A nice reference for standard benchmarks is SPEC, the Standard Performance Evaluation Corporation. The text has always been fond of SPEC, but it's good to understand that there are many benchmark suites out there, and how much they really matter to you depends on how much your application(s) look like them. For example, the HPL benchmark is very intensely using double-precision floating-point multiply-add, but doesn't even count integer operations. Many applications are dominated by the performance of integer, or even character, processing.
Here's another interesting tidbit: the US government has a variety of metrics that they use for determining if a computer can be exported to a particular country. For example, President Obama set the export limit as 3.0 TFLOPS on March 16, 2012. It's getting hard to control spread of computing technology given the dominance of cluster supercomputers built using largely commodity parts. In August 2022, the Biden administration imposed new restrictions on the sale of various high-end processors and GPUs to China and Russia, and those restrictions were tightened in 2023 and 2024. The Trump administration started imposing additional restrictions in March 2025, but at this writing it isn't clear what the final policy will be. A document describing how to measure performance for export control is A PRACTITIONER'S GUIDE TO ADJUSTED PEAK PERFORMANCE from the U.S. Department of Commerce Bureau of Industry and Security. The CAPITALIZATION of that title is theirs... I guess this is important enough to shout about? ;-)

Of course, supercomputing might be fundamentally about larger-scale use of parallel processing, but parallel processing is really the key to high performance in any modern computer system. The amount of parallel processing used inside a typical cell phone exceeds that used in most supercomputers less than three decades ago. Looking at supercomputers gives a glimpse of what's coming to more mundane systems sooner than you'd expect.

The textbook places emphasis on shared memory multiprocessors (SMP stuff) and cache coherence issues.

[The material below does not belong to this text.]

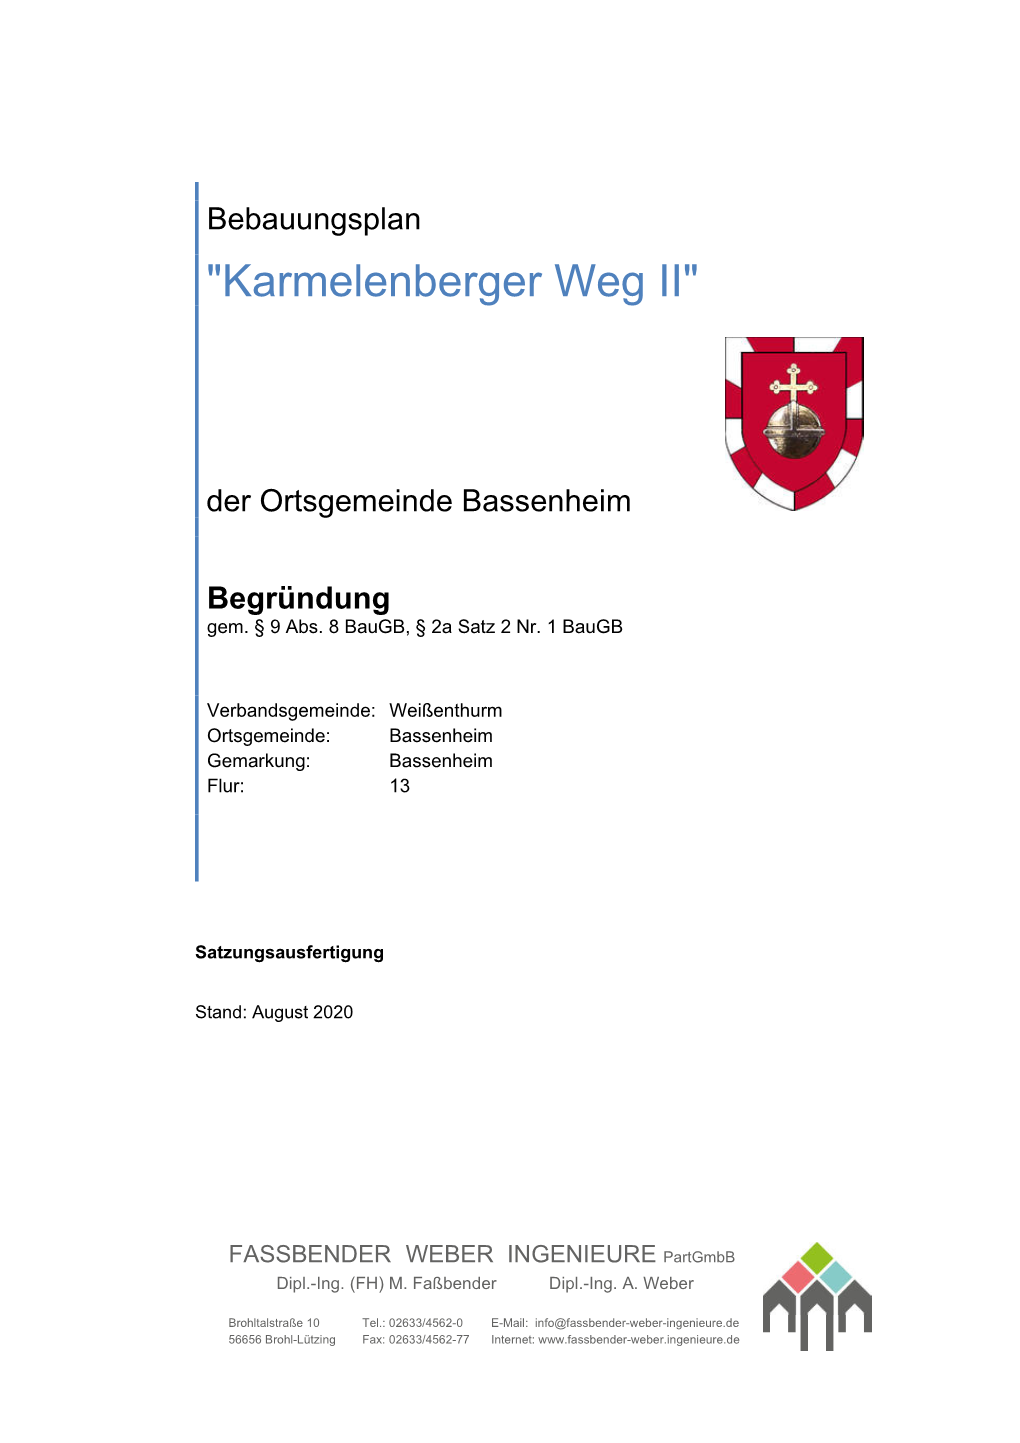 "Karmelenberger Weg II"

We covered a bit of that here, and coherence basics in memory systems, but it's a small piece of the whole pie because these systems really don't scale very large. That said, AMD is working toward 256 cores. As of Spring 2025, they are shipping 192 core chips.

More generally, you should be aware of SIMD (including GPUs and the not-so-scalable SWAR/vector models) and MIMD, and also the terms Cluster, Farm, Warehouse Scale Computer, Grid, and Cloud. In the discussion of interconnection networks, you should be aware of Latency, Bandwidth, and Bisection Bandwidth, as well as some understanding of network topologies including Direct Connections (the book calls these "fully connected"), Toroidal Hyper-Meshes (e.g., Rings, Hypercubes), Trees, Fat Trees, and Flat Neighborhood Networks (FNNs), Hubs, Switches, and Routers. The concept of quantum computing as a form of parallel processing without using parallel hardware was also very briefly introduced.

You will find a lot of information about high-end parallel processing at aggregate.org. Professor Dietz and the University of Kentucky have long been leaders in this field, so Dietz has writen quite a few documents that explain all aspects of this technology. One good, but very old, overview is the Linux Documentation Project's Parallel Processing HOWTO; a particularly good overview of network topologies appears in this paper describing FNNs.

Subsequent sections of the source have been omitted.